By Linda Dillman
The Buckstone and Creek Bend developments that will bring hundreds of homes, apartments and potential commercial development to the area is a boon for the city of Obetz, but how will it impact emergency services provided by the Hamilton Township Fire Department?
According to Obetz City Administrator Rod Davisson, Obetz is using a layered incentive program to maximize money available for infrastructure improvements as well as supporting local services of the schools and the township.
Their three-pronged approach includes a community reinvestment area (CRA), tax increment finance zones (TIF), and a New Community Authority (NCA).
“The goal of a CRA is to stimulate economic development and revitalization in a specific area,” said Davisson.
According to Davisson, a TIF helps attract new development and improves the quality of life for residents by providing needed infrastructure projects attributable to the TIF area development. A NCA is a quasi-government agency created to oversee and implement development projects in a specific area.
Before the developers broke ground on the Buckstone project, and not unlike its Creek Bend counterpart, the area was unimproved farmland owned by two local families.
During the first 15 years of the project, abated real property taxes are attributable to improvements like streets, curbs and gutters.
Hamilton Township continues to collect the same revenue it received for the unimproved farmland—roughly $9,490 according to Davisson—during the same period, but Hamilton Township is not on the receiving end of additional revenue until year 16.
When the CRA expires at the end of the 15 year cycle, the TIF ramps up tax revenue for the township for the remaining 15 years of the 30 year period.
“The township’s real estate property tax revenue during the period (years 16-30) is projected to increase from $9,408 a year to about $751,406 annually,” said Davisson. “Obetz is proud to be the force behind changing the lives of the people in the region—not just Obetz—dramatically and for the better.”

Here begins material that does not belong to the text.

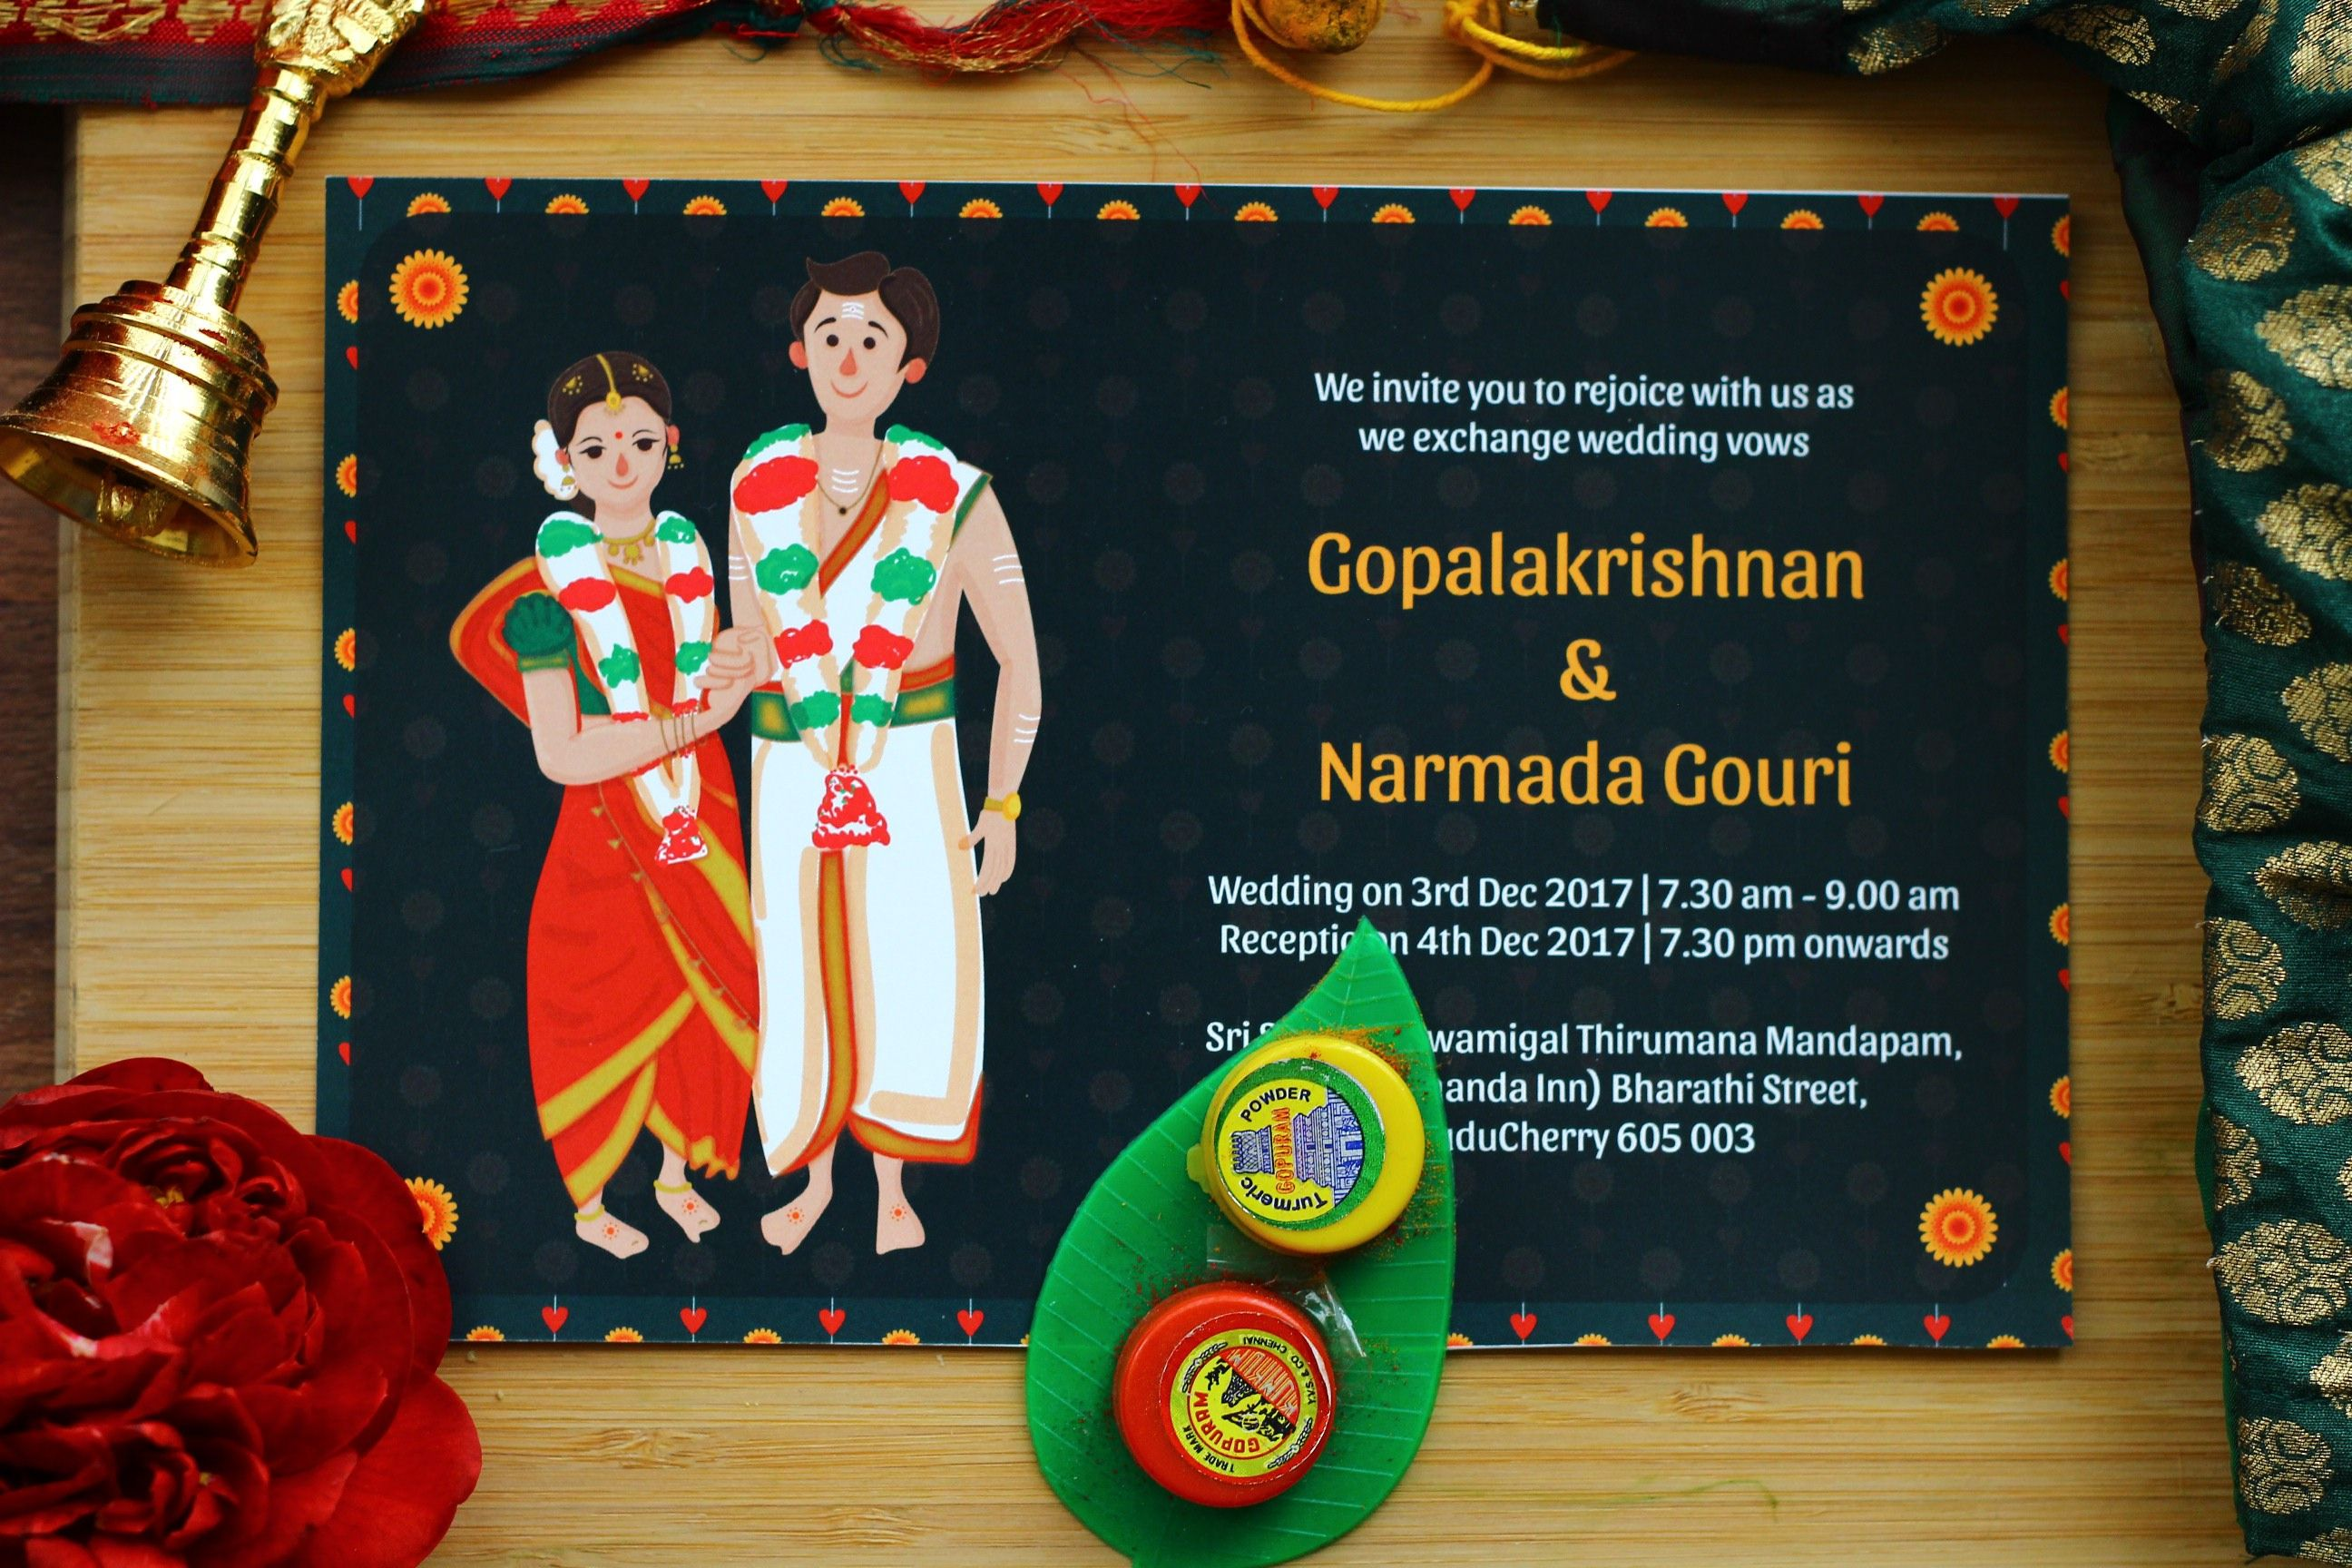 A Fun Customized Tambrahm Wedding Invitation Illustrated To Shou Illustrated Wedding Invitations Traditional Wedding Invitations Wedding Invitation Card Design
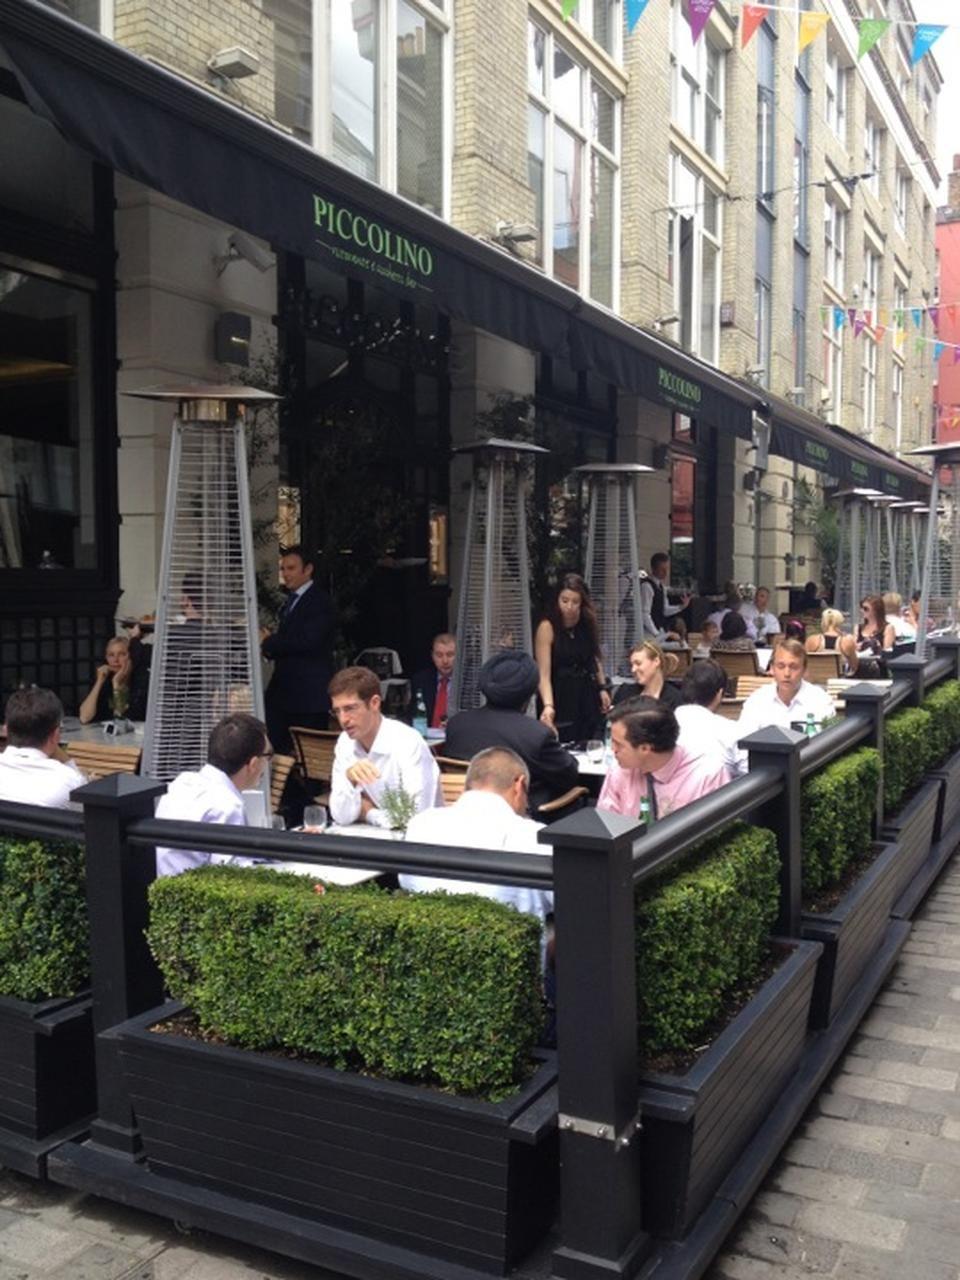 Piccolino Restaurant Exterior Restaurant Patio Cafe Design

While the potential revenue from the Buckstone development, as projected by Davisson, could reach more than $60 million over the next 50 years, the reality of the here and now paints a tight financial picture for Hamilton Township.
“We have a levy coming up,” said Hamilton Township Trustee Chris Hahn, who said the township, not unlike other municipalities, is having issues staffing emergency services. “With the fire department in particular (anticipating an increase in calls with new development), we’ll be supplying the service, but not getting the benefits (for the next 15 years). We’re just going to have to get really creative. Obetz could help us out in ways other than taxes.”
In addition, new apartments going up along Lockbourne Road are three stories high, but the fire department’s current equipment can only reach two stories. The department would need to rely on mutual aid from Columbus for use of a ladder truck, which could impact response time.
Neighboring Madison Township, which covers a small portion of Obetz, is in the process of ordering a ladder truck at a cost of $1.18 million. The truck will be outfitted with a 75-foot Quint-style aerial ladder capable of reaching the roof of an average warehouse. However, it is anticipated to take more than two years to put the vehicle into service.
In a related issue, on March 23, 2018, the 132nd Ohio General Assembly’s House Bill 69 became effective. It requires reimbursement of certain township fire and EMS levy revenue forgone due to creation of a municipal TIF district.
According to the Ohio Legislative Service Commission, municipal corporations creating TIF districts would be required to reimburse townships for fire and emergency medical service levy revenue foregone because of the district.
When asked if Obetz has any plans to mitigate the impact of increased calls for service for the new development prior to year 16 of the financing package, Davisson responded, “It is not our place to determine the needs of the township as far as their resources are concerned. The city has committed to provide all the support requested by the township. As far as what that is, why they wanted it, and how they will use it, you’ll have to see the township.”
“And, of course we follow the requirements of the law,” Davisson said when asked about the city’s compliance with HB 69.